▸ **Exercise prompt**: Transcribe exactly the line containing "Türen in Nordfriesland (6)" plus every later line in the data.

== Provided data

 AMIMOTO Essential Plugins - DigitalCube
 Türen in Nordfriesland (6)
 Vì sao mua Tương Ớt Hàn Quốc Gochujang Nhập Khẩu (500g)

====

▸ **Answer section**:
 Türen in Nordfriesland (6)
 Vì sao mua Tương Ớt Hàn Quốc Gochujang Nhập Khẩu (500g)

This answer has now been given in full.